*TASK OBJECTIVE*
For every line below, output the text exactly and leave out images.

*COLLECTED DATA*
+ + + +

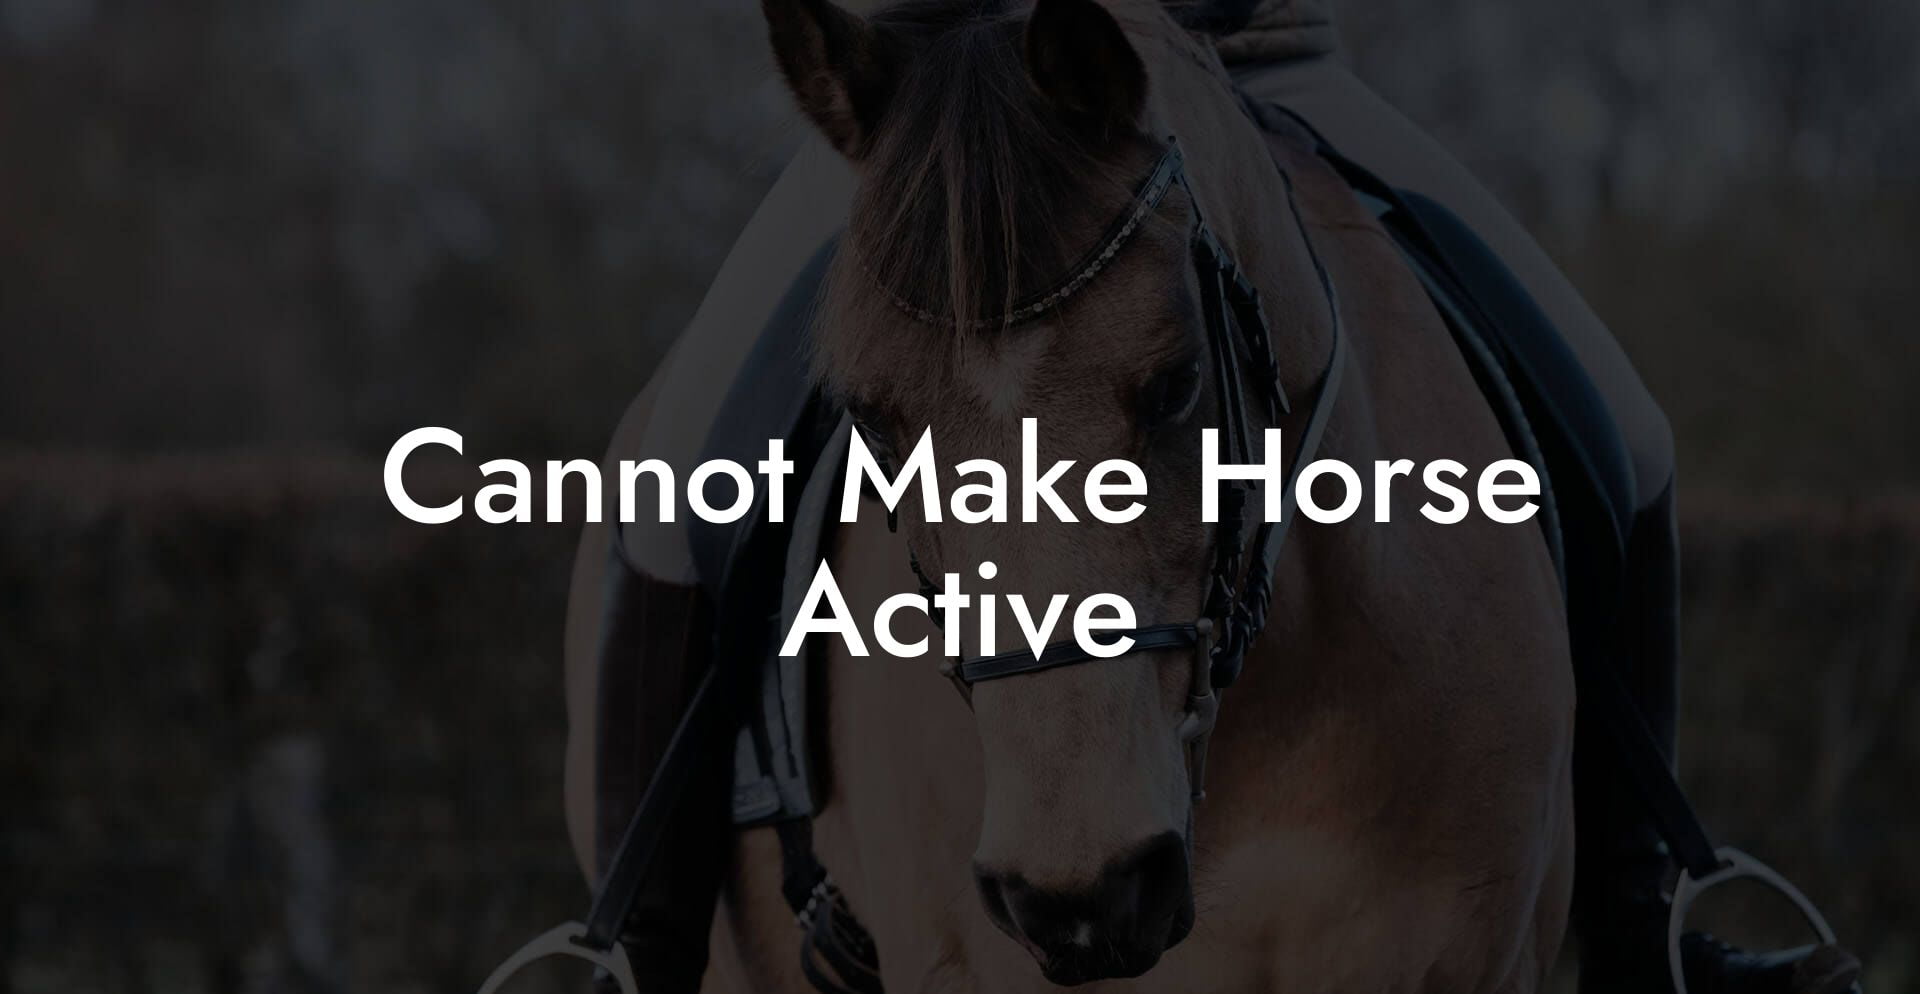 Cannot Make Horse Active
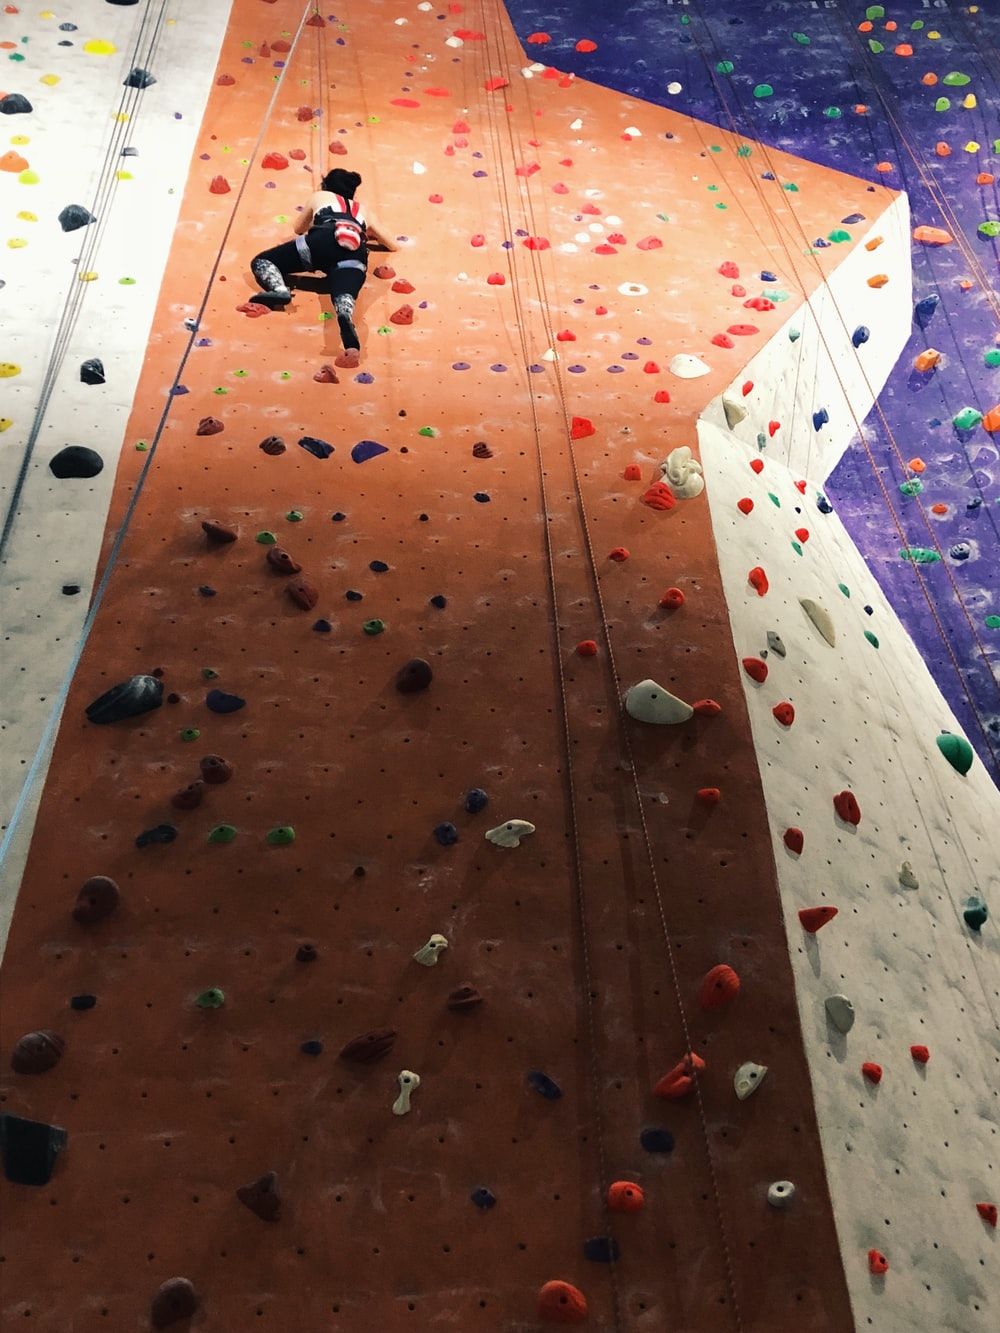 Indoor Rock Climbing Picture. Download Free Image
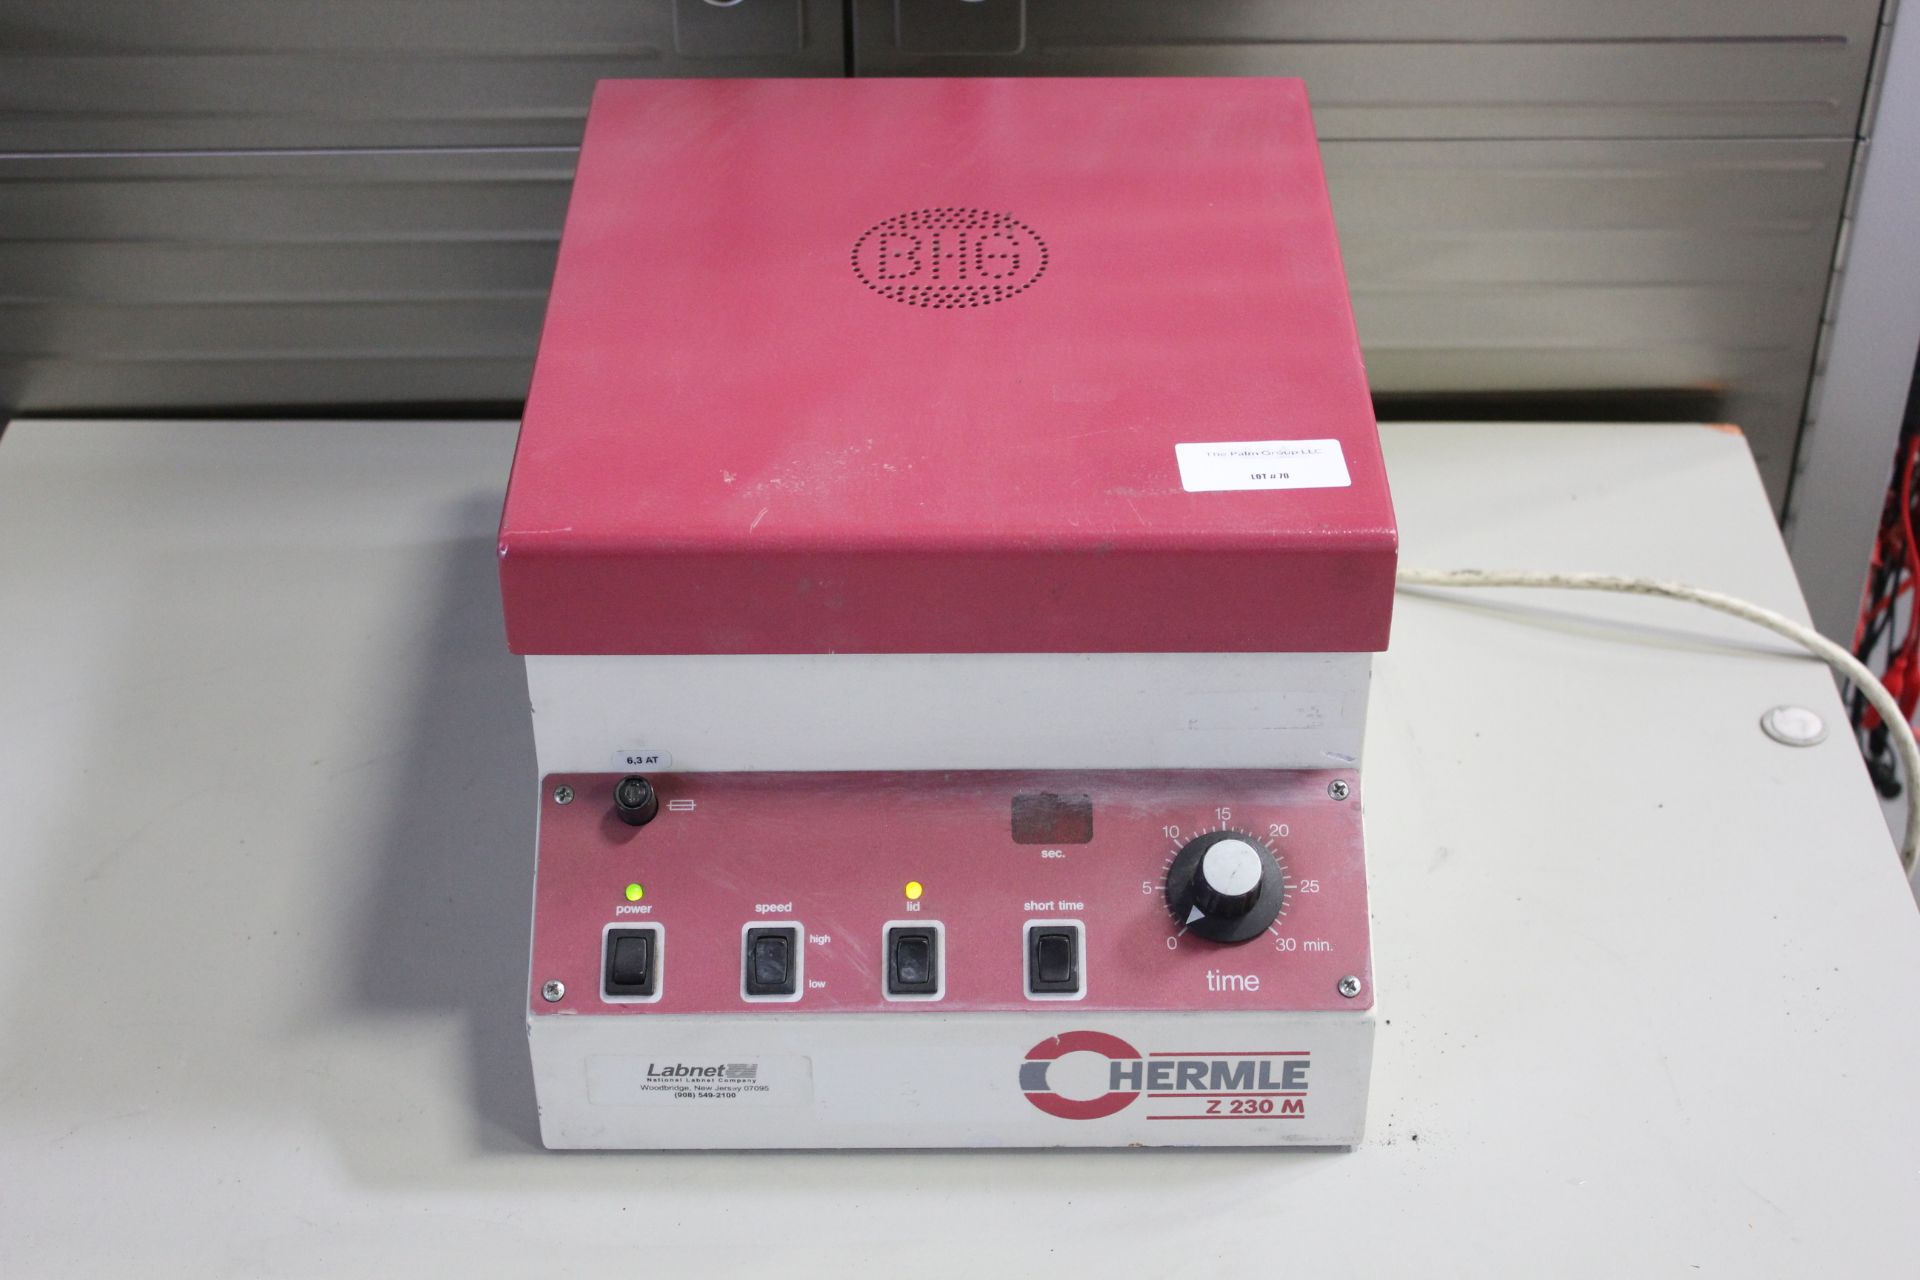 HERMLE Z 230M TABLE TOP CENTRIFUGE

+ + + +

*COMPLETED EXERCISE*
 Cannot Make Horse Active
 Indoor Rock Climbing Picture. Download Free Image
 HERMLE Z 230M TABLE TOP CENTRIFUGE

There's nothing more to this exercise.